The mixed and atypical forms are of special importance, as they occupy the middle ground between the classical types of manic-depressive insanity and dementia praecox. It is here that difficulties arise and errors in diagnosis are made. They have never received sufficient attention until recently. In practice many of these have undoubtedly been classed with the dementia praecox group. The first of these as described by Kraepelin is depressive or anxious mania—characterized by a depressive mood with anxiety and excitement and, at the same time, a flight of ideas. The patients are distractible, observant of everything in their surroundings, and complain that thoughts obtrude themselves upon them. Some have a mania for scribbling. Often there are delusions of persecution, sin, and hypochondriacal ideas. The mood is one of anxiety or despair. Impulsive acts are occasionally observed. They are inclined to weep, wring their hands, pull out their hair and throw themselves on the ground.

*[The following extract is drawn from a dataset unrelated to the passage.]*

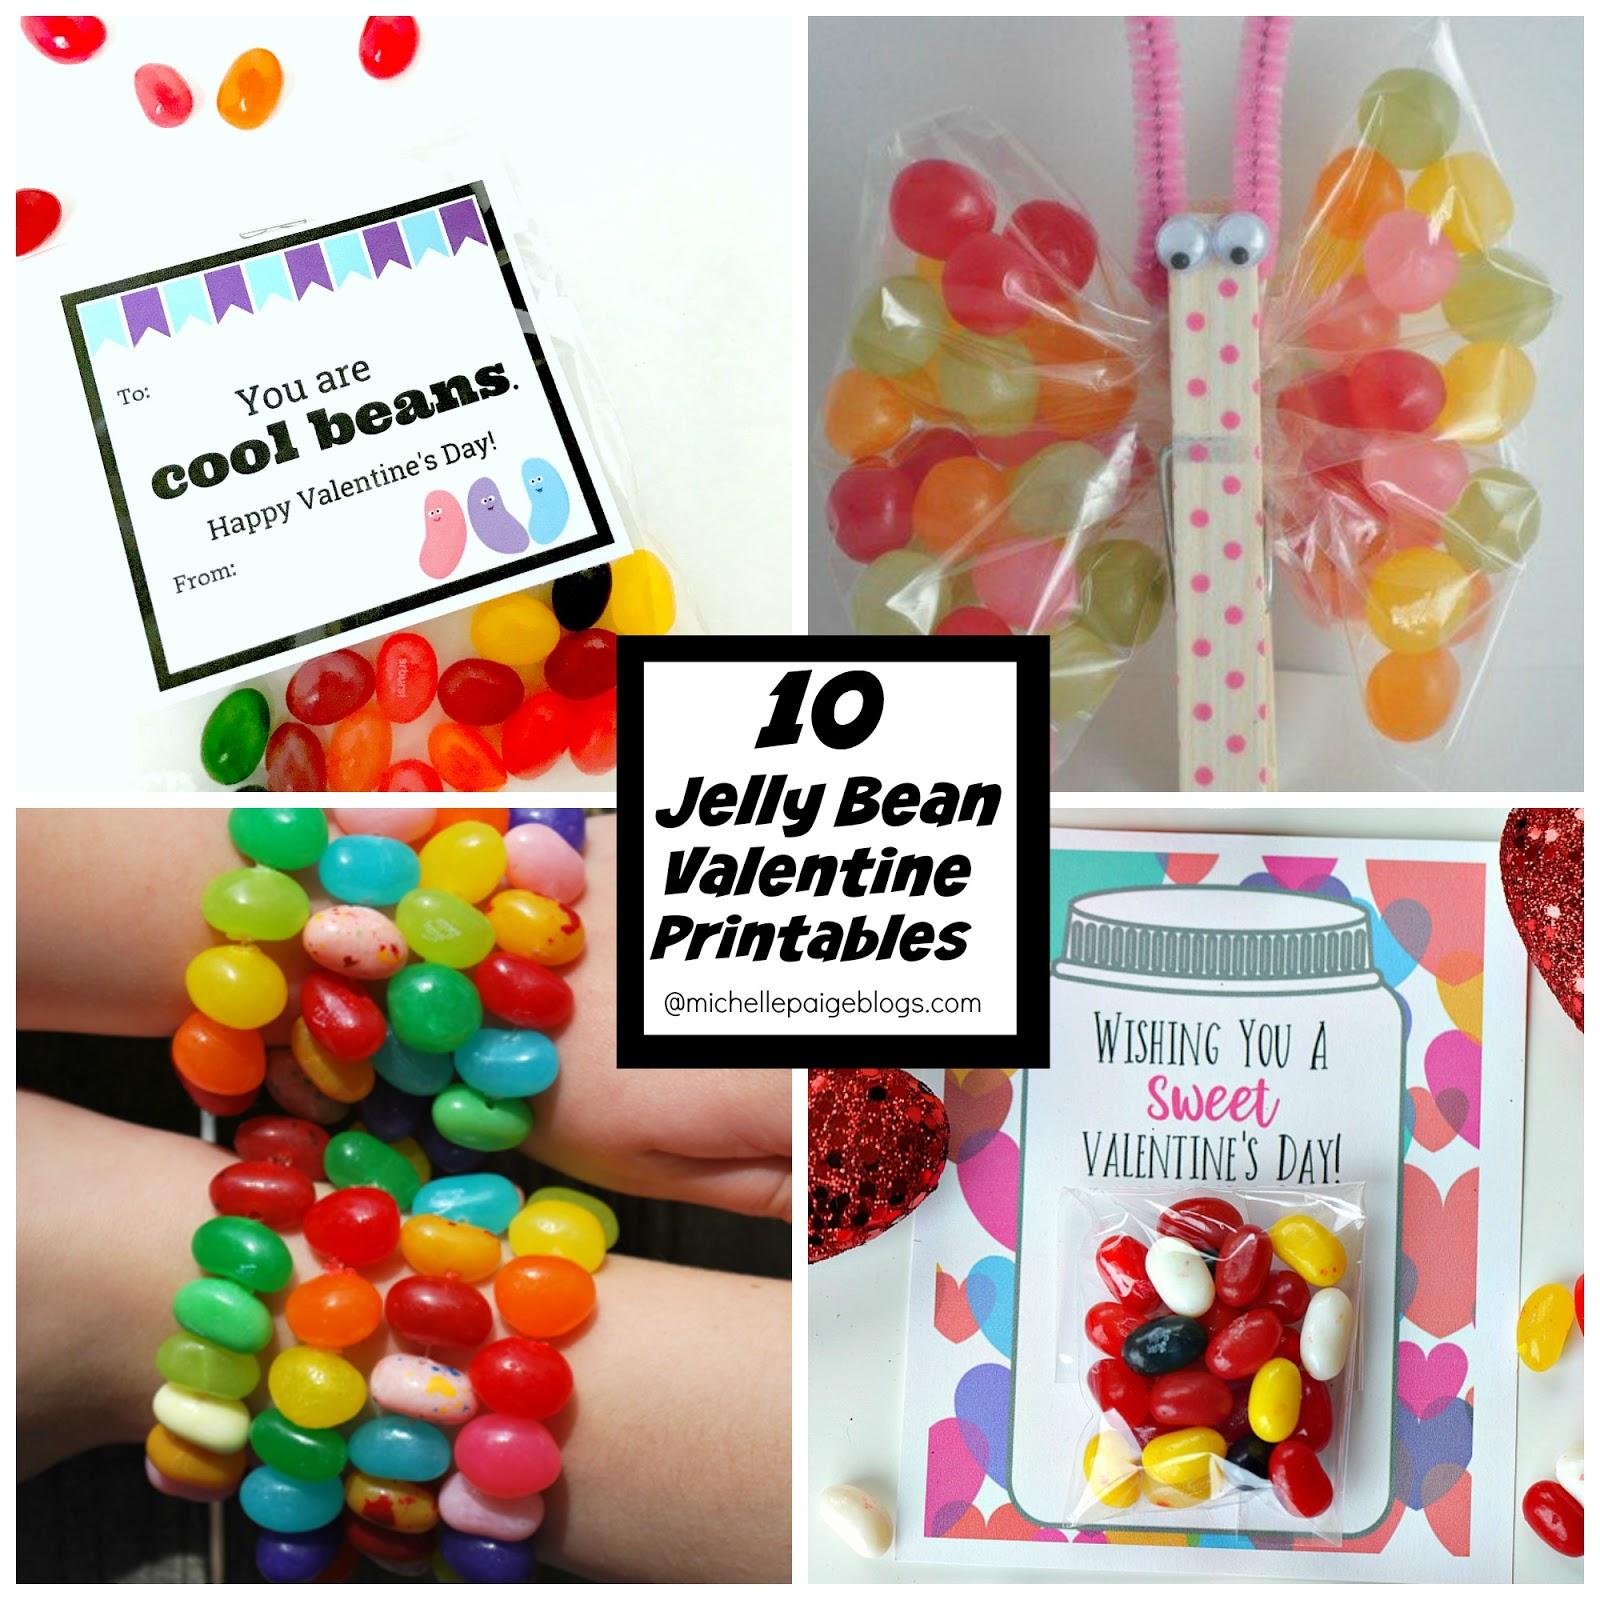 Michelle Paige Blogs 10 Jelly Bean Valentine Printables

Instead of a flight of ideas there may be poverty of thought and retardation with excitement—an "excited depression." The patients may be very wordy and monotonous in expression but are entirely clear as to their surroundings. The mood is anxious and tearful, often with delusions. There is a considerable excitement, but not of such a stormy character as in the depressive or anxious mania.

Mania with poverty of thought, an "unproductive" form, shows a more cheerful mood but without a flight of ideas. This form Kraepelin speaks of as a common one. Speech is monotonous and expressionless. The patients present almost an appearance of feeblemindedness, although exceedingly variable and changeable. The mood is cheerful and sometimes irritable. The excitement is shown by jumping around, making faces, etc., but without any occupational activity. This alternates with periods of quiet when but little is said. They show no desire to occupy themselves in anything useful. Sudden outbursts of violence often occur.

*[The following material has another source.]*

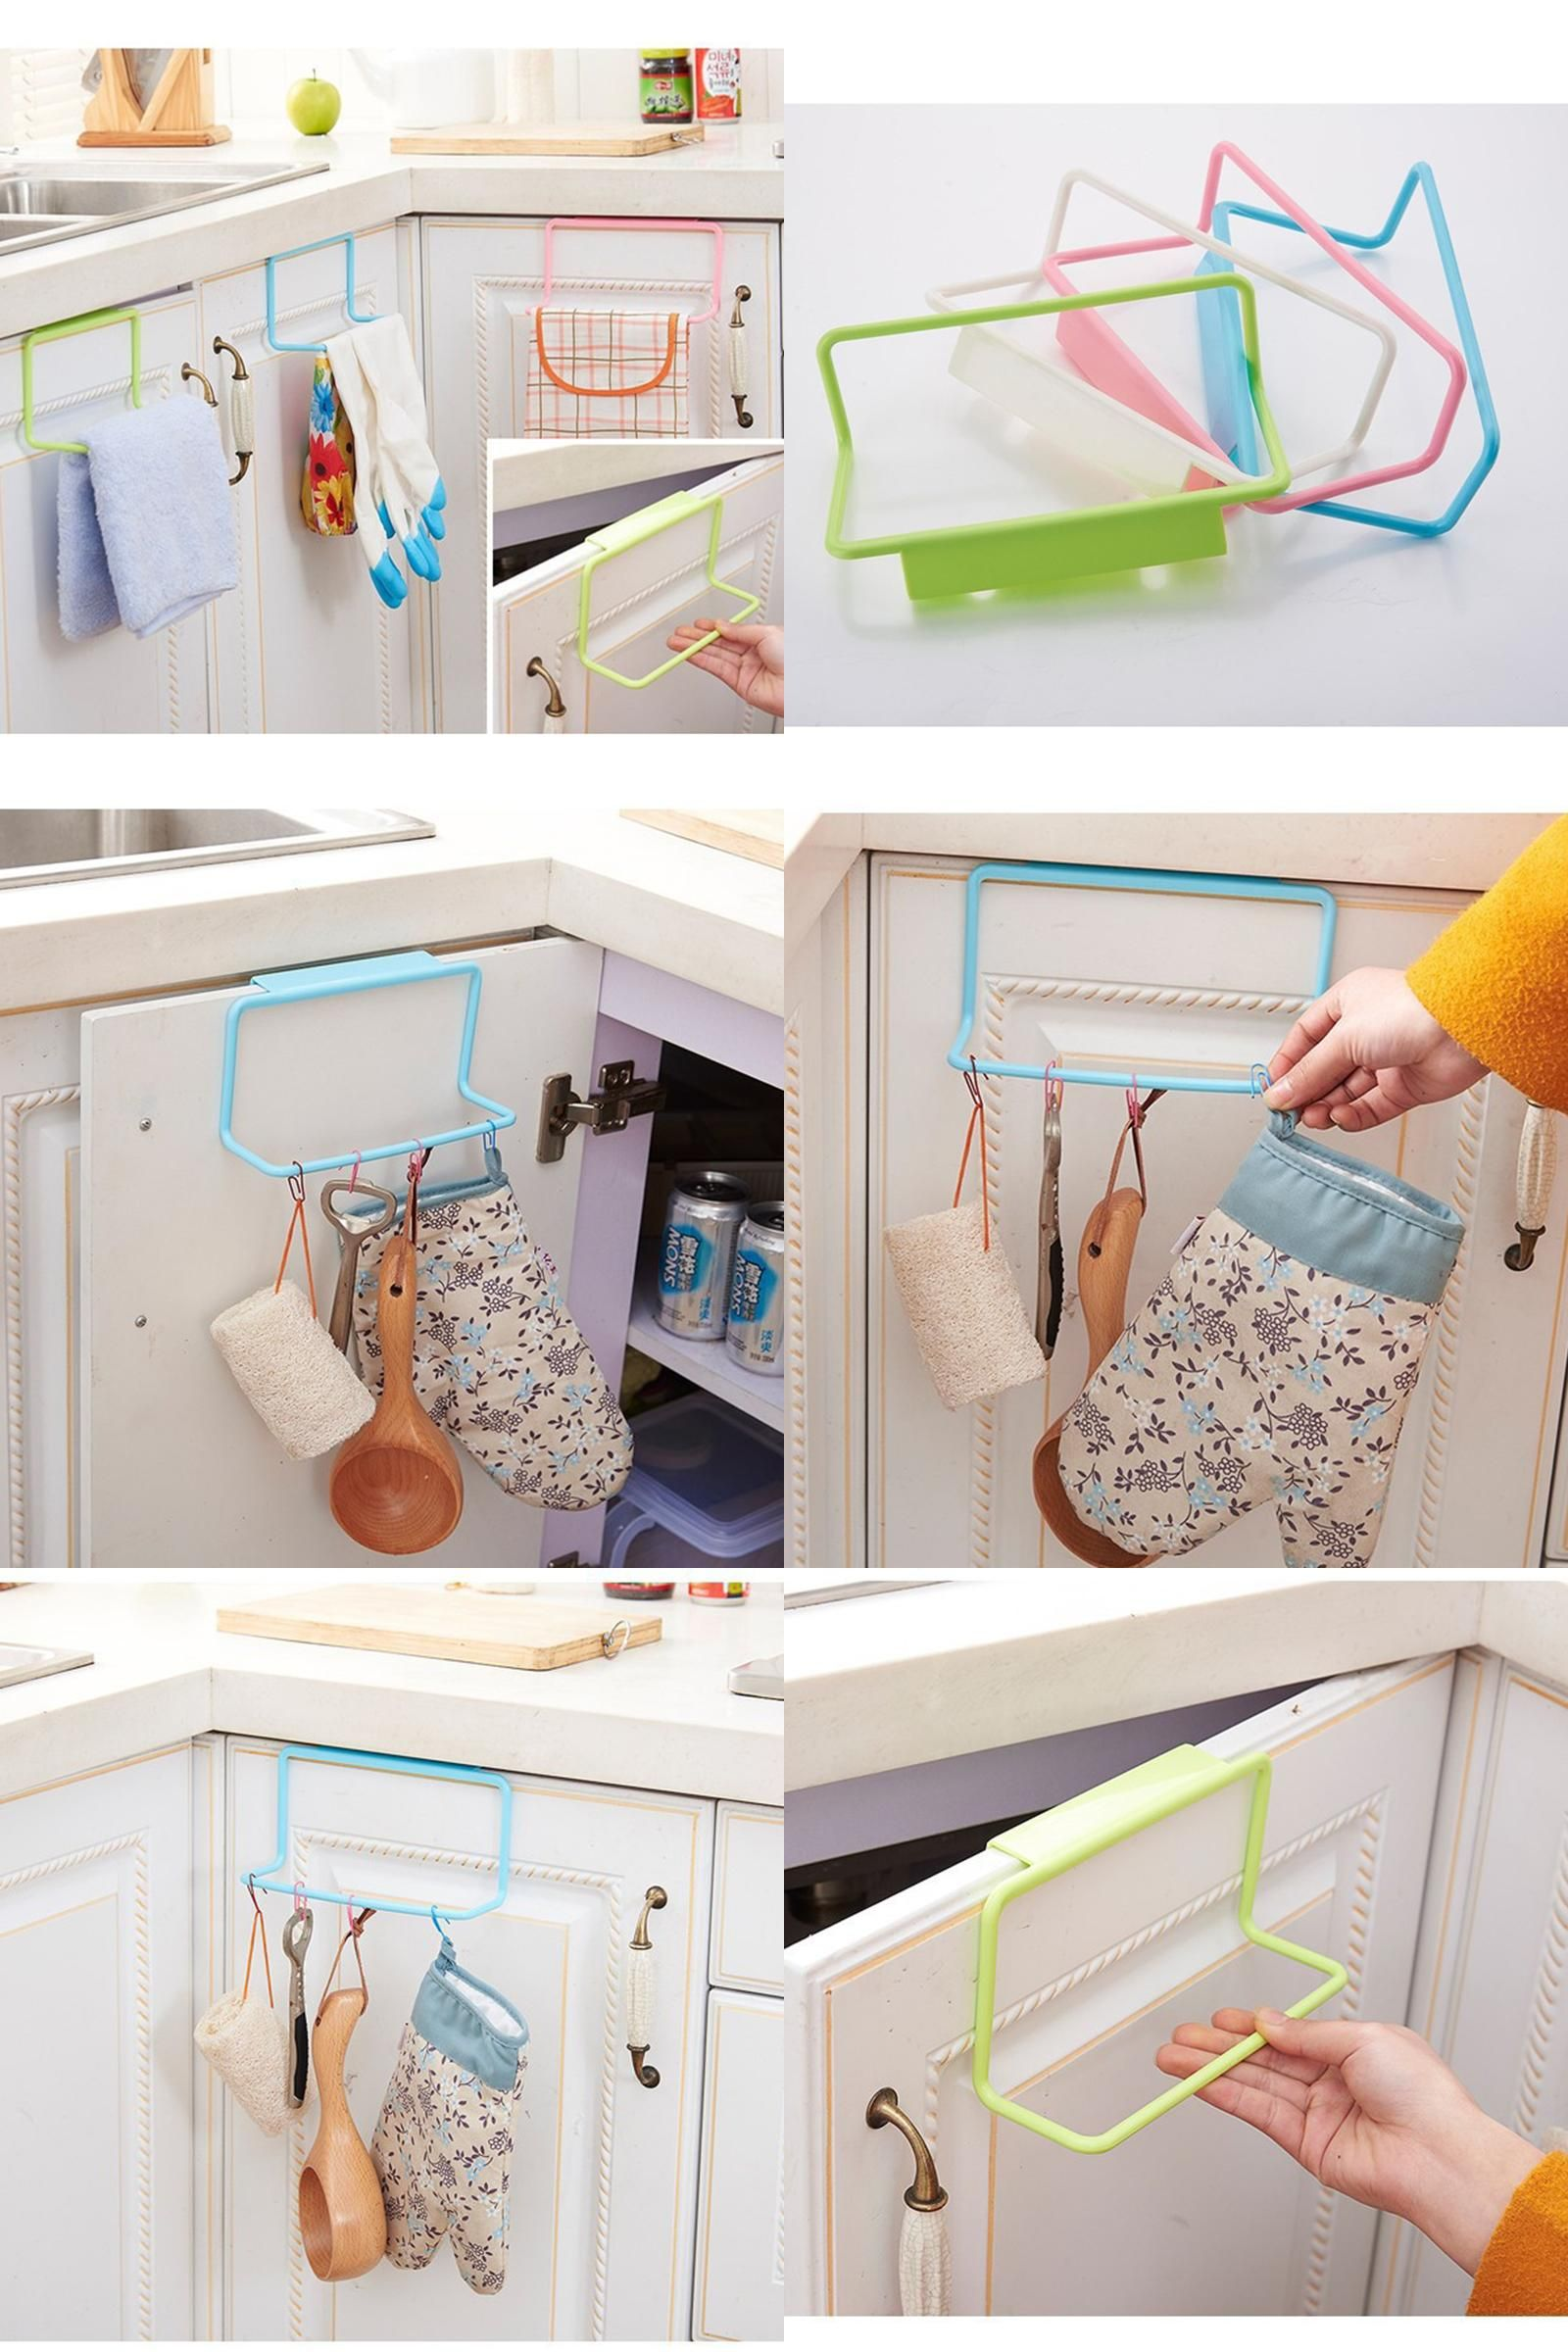 Visit To Buy Plastic Towel Rack Kitchen Cupboard Hanging Wash Cloth

Stuporous, almost cataleptic forms with occasional delusions of a hypochondriacal type, fairly well oriented and with a clear sensorium, are spoken of as "manic stupor." This is interrupted by excitement and violence, with laughter, witty remarks and even eroticism. They often have a clear memory of all occurrences. This stuporous type may appear suddenly in an ordinary manic attack, or take place between excitements and depressions.

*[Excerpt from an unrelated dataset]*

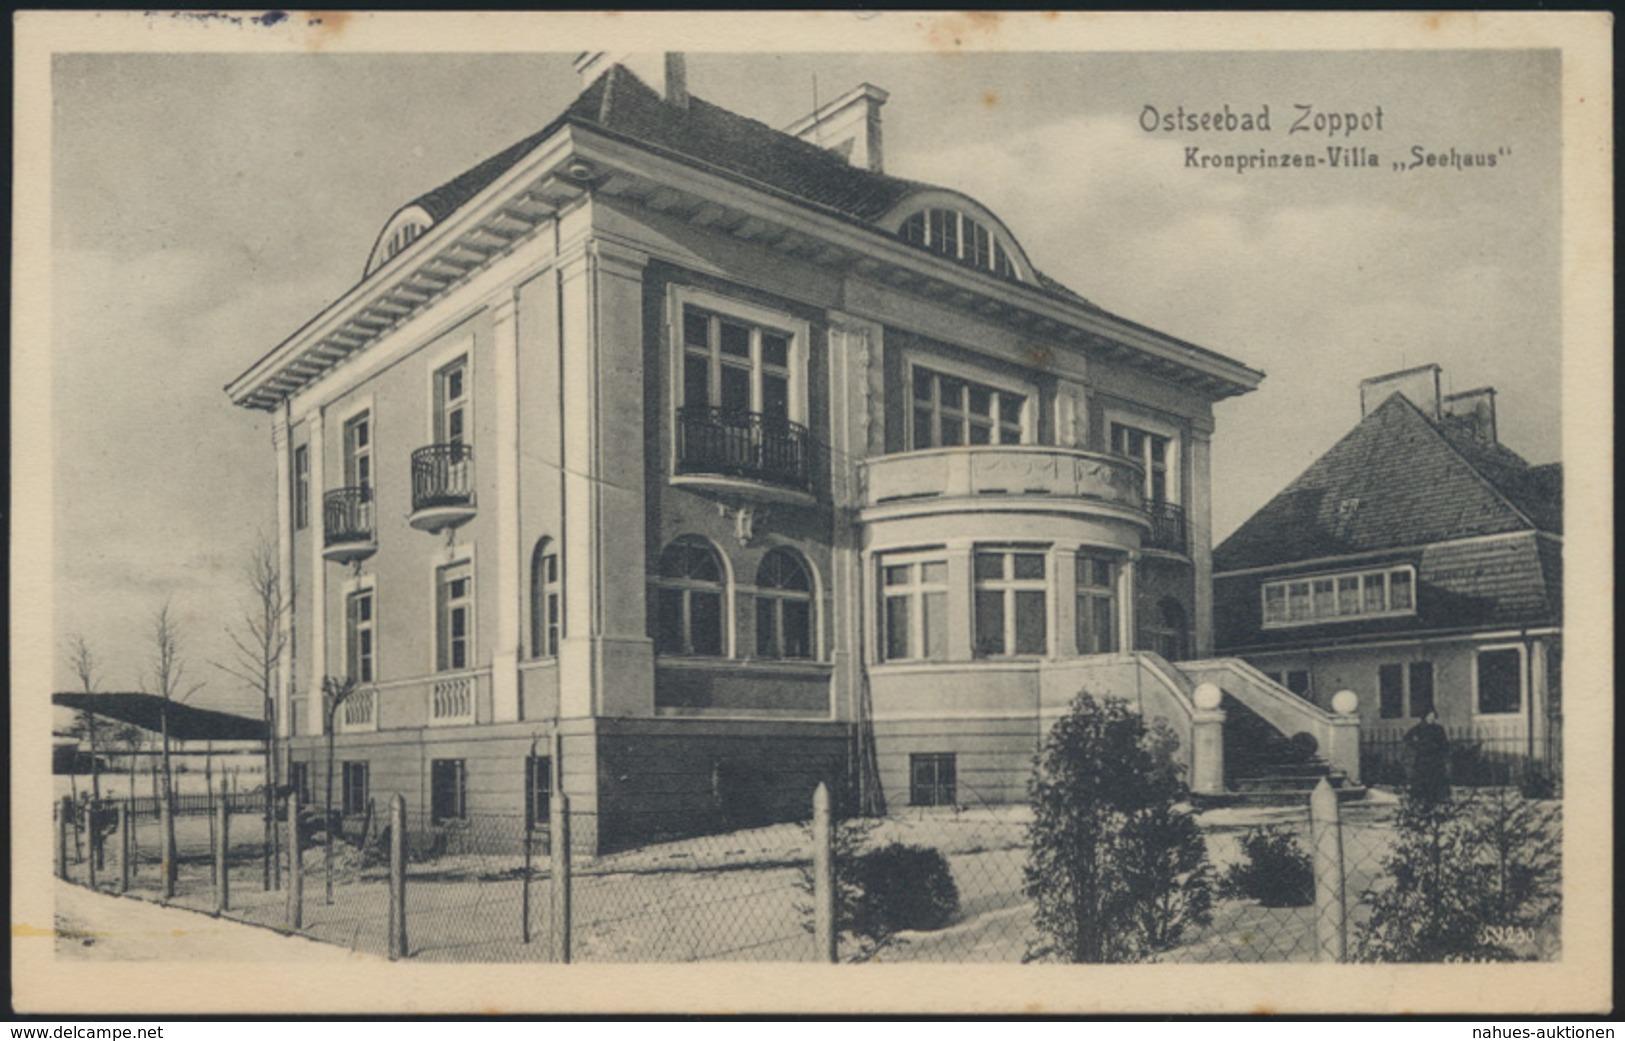 Ansichtskarte Danzig Zoppot Ostsee Kronprinzen Villa Seehaus N. Altona Ottensen - Danzig

In the course of an ordinary depression a flight of ideas may also replace the usual retardation—"depression with flight of ideas." The delusions are interspersed with cheerful thoughts and the patients show certain activities and an interest in their surroundings, although still depressed and hopeless. When they begin to talk they complain of an inability to control their thoughts. There is an inhibition of speech but not of thought. They may be quite prolific in writing, and may show a characteristic flight of ideas. This condition often merges into genuine excitement.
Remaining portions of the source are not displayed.